Imagine sitting in your office or at home and suddenly seeing the wall in front of you disappear. Behind it is another office with people at a table, and you’re at the table. Or the scene that materializes is another living room on a different continent, and you’re there visiting with friends and family.
The technology behind these intriguing, if somewhat eerie, scenes is holographic videoconferencing, for which a working prototype already exists at Massachusetts Institute of Technology. In-office/in-home use is at least 10 years down the road, however, according to Stephen Benton, head of MIT’s Spatial Imaging Group at the Media Laboratory.

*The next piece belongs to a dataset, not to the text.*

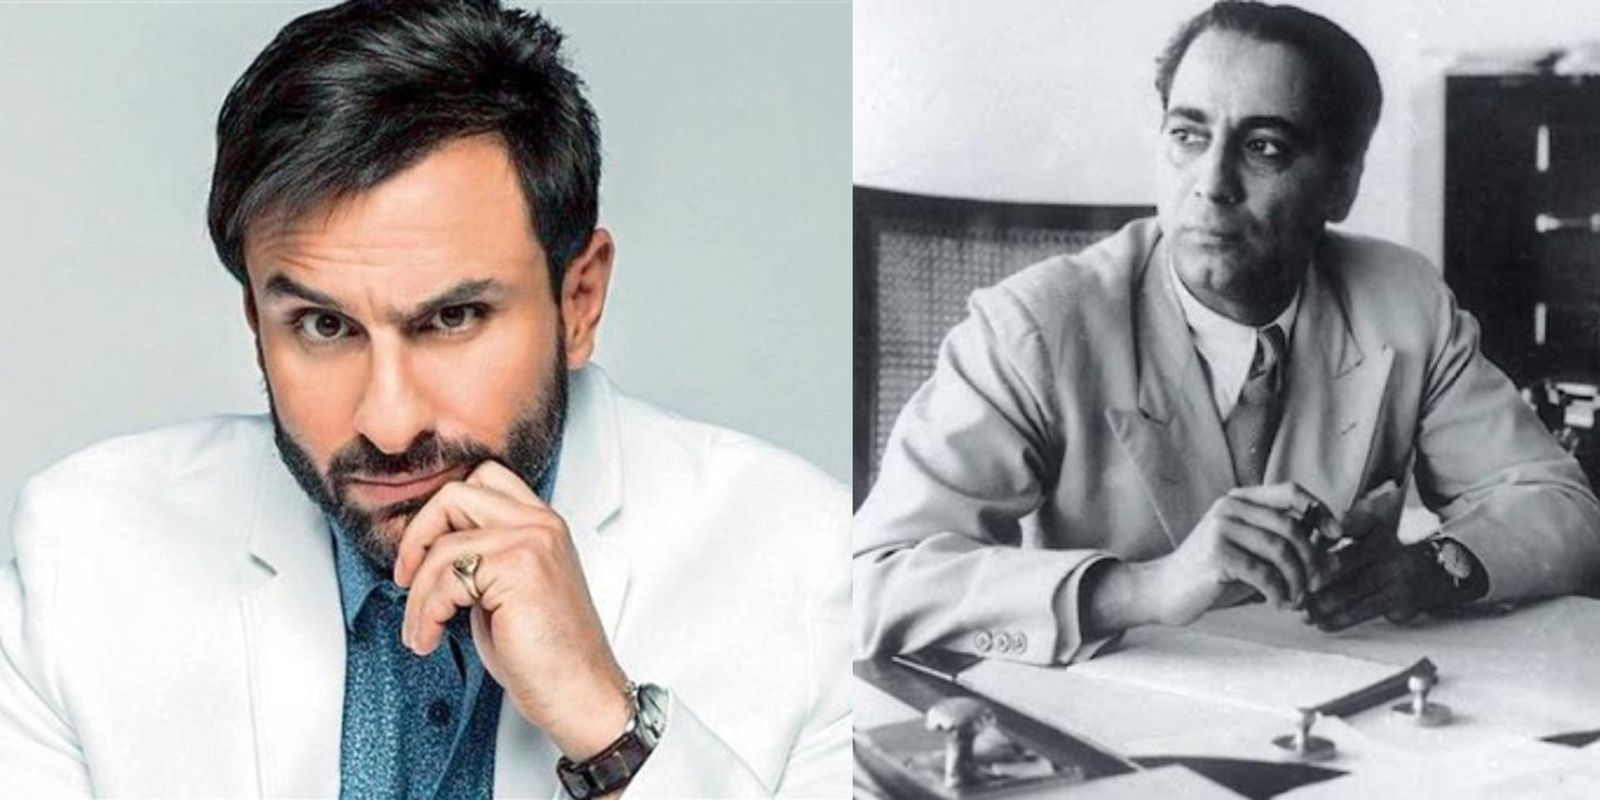 Saif Ali Khan To Play Nuclear Physicist Homi Bhabha In An Upcoming Film Titled ‘Assassination of Homi Bhabha’? Read Details...
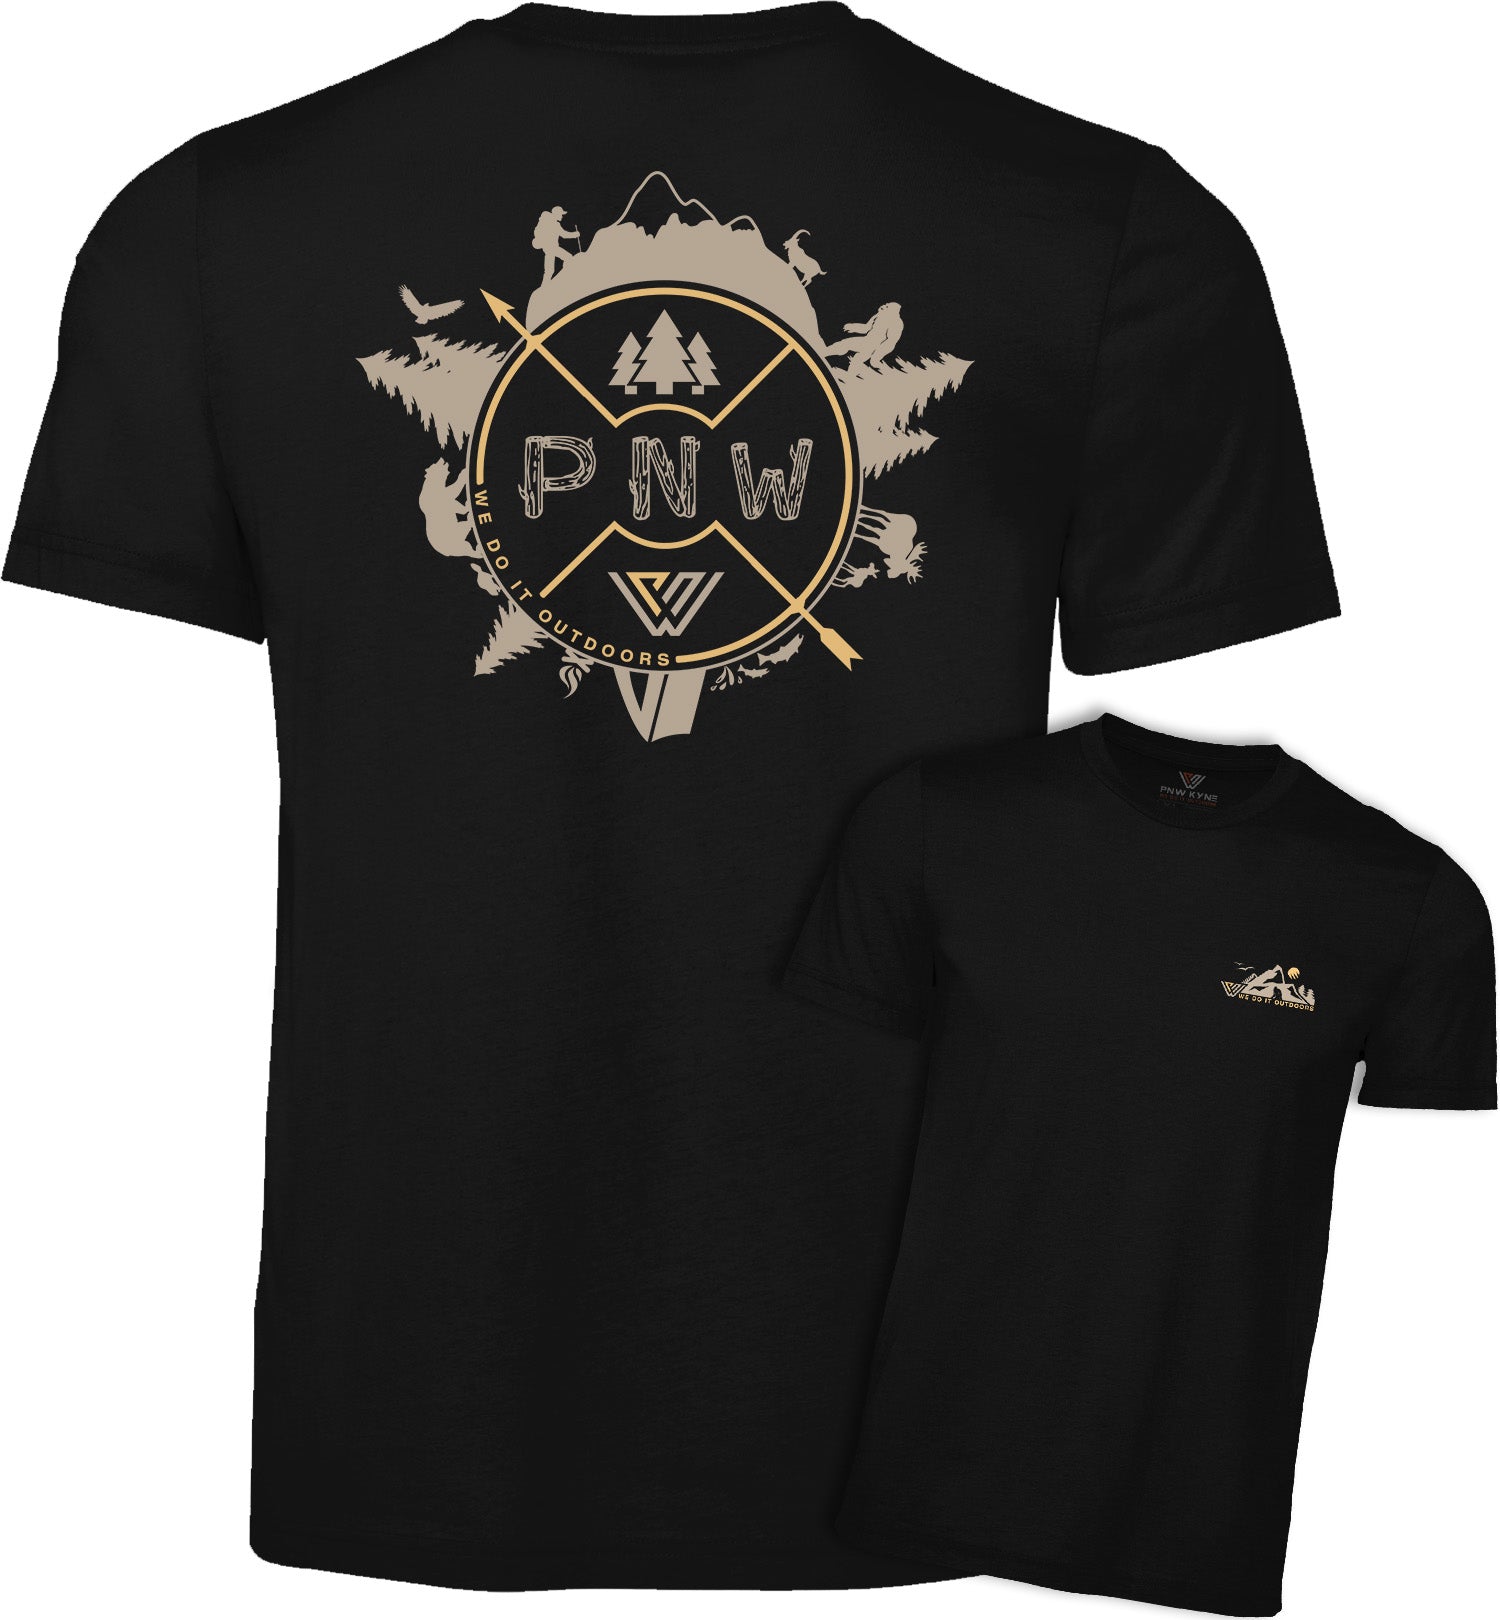 PNW Shirt - Around the PNW - Short Sleeve - Combined - Black Brown

“In the last few years, our research has brought us to the point where television was in 1926,” Benton said. “Our main job is to show that we can do it. Ten years ago, people thought we were crazy.”
But the researchers can now show some convincing, if not quite tangible, proof that they aren’t crazy. And you won’t have to wait a couple of decades before the first manifestations of the technology move out of the laboratories and into the real world.
Thanks to fiber-optic technology, for example, holographic data storage is becoming a practical reality.
“We can store 100,000 different photos or digital pages – that’s a terabyte [of information] – in something the size of a sugar cube,” Benton said.
Fiber optics can easily handle the wide bandwidth that holograms require because the signals are much wider than those used for television. And even better, the newer technology transmits information more rapidly.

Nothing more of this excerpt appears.